CDFI loan funds have played an important role in funding affordable housing, small businesses, and nonprofit organizations through the funds’ ability to blend philanthropic, public sector, and private sources of capital. These blended assets provide affordable loans and technical assistance to organizations that may lack access to traditional financing. Small businesses particularly may not have the financial reservoirs to bridge disruption during a crisis and are rarely a high priority for philanthropic relief in the early days of disaster recovery. Some small businesses may lack business continuity plans and insurance to cover disruptions. In such situations, access to capital with favorable terms is critical to a small business’s ability to recover and reopen.
In 2020 Bank of America originated more than $394 million in CDFI loans and investments and currently has a $2 billion portfolio in more than 250 CDFIs to finance affordable housing, economic development projects, small businesses, health care centers, charter schools, and other community facilities and services. This includes providing more than $250 million in capital to CDFIs in 2020 to help facilitate loans through the U.S. Small Business Administration’s (SBA) Paycheck Protection Program (PPP), an integral component of helping small businesses that were forced to close or reduce services because of the health crisis.

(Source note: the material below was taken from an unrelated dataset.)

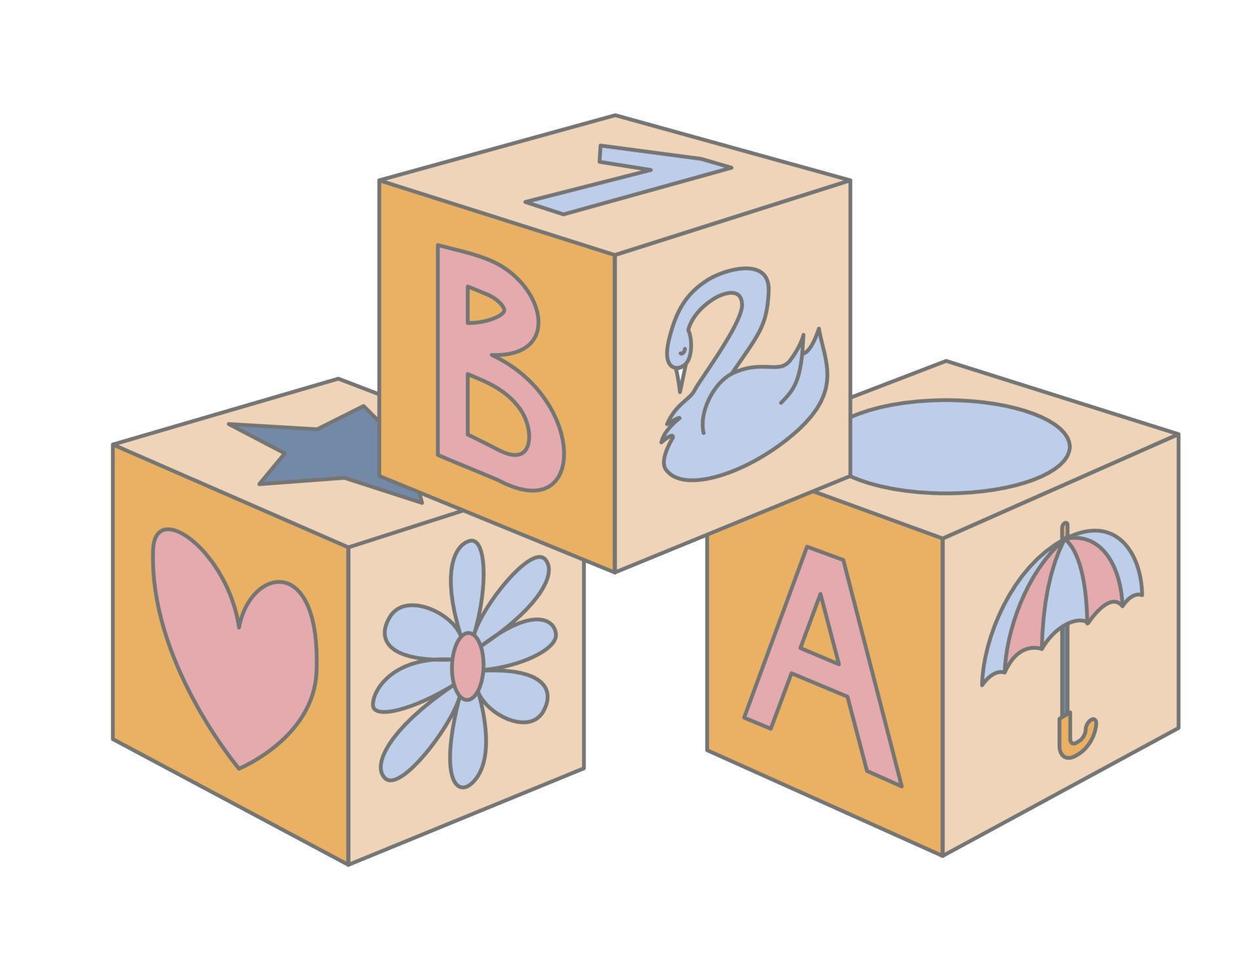 blockera bebis trä- leksak för byggnad. barnslig kuber i söt pastell blå och rosa färger för pojke eller flicka. vektor illustration av unge tegelstenar med brev
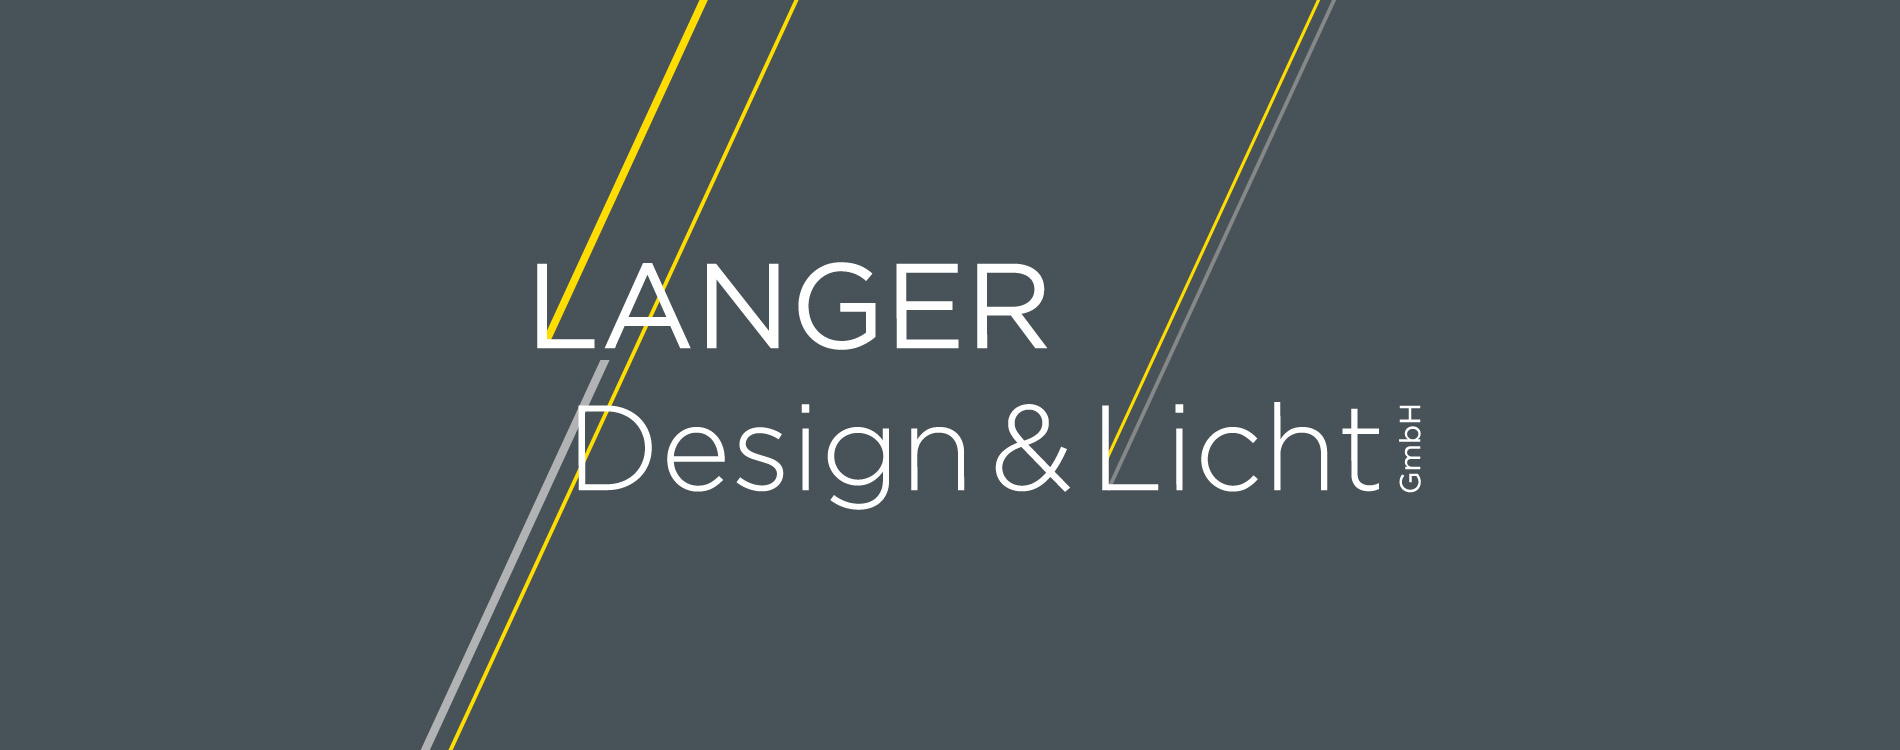 01_Header_LANGER_Design.jpg

Also in 2020 we made a $1.25 billion, five-year commitment to advance racial equality and economic opportunity, of which $50 million is dedicated to support minority depository institutions (MDI) and CDFIs. This commitment includes direct actions, investments, and work to catalyze similar efforts across the private sector. The bank’s investments are designed to facilitate lending, housing, neighborhood revitalization, and other banking services. It is through these relationships that we share best practices in working with CDFIs to help transform and develop strong communities. One example is the Scottdale Earning Learning Center discussed later in this article.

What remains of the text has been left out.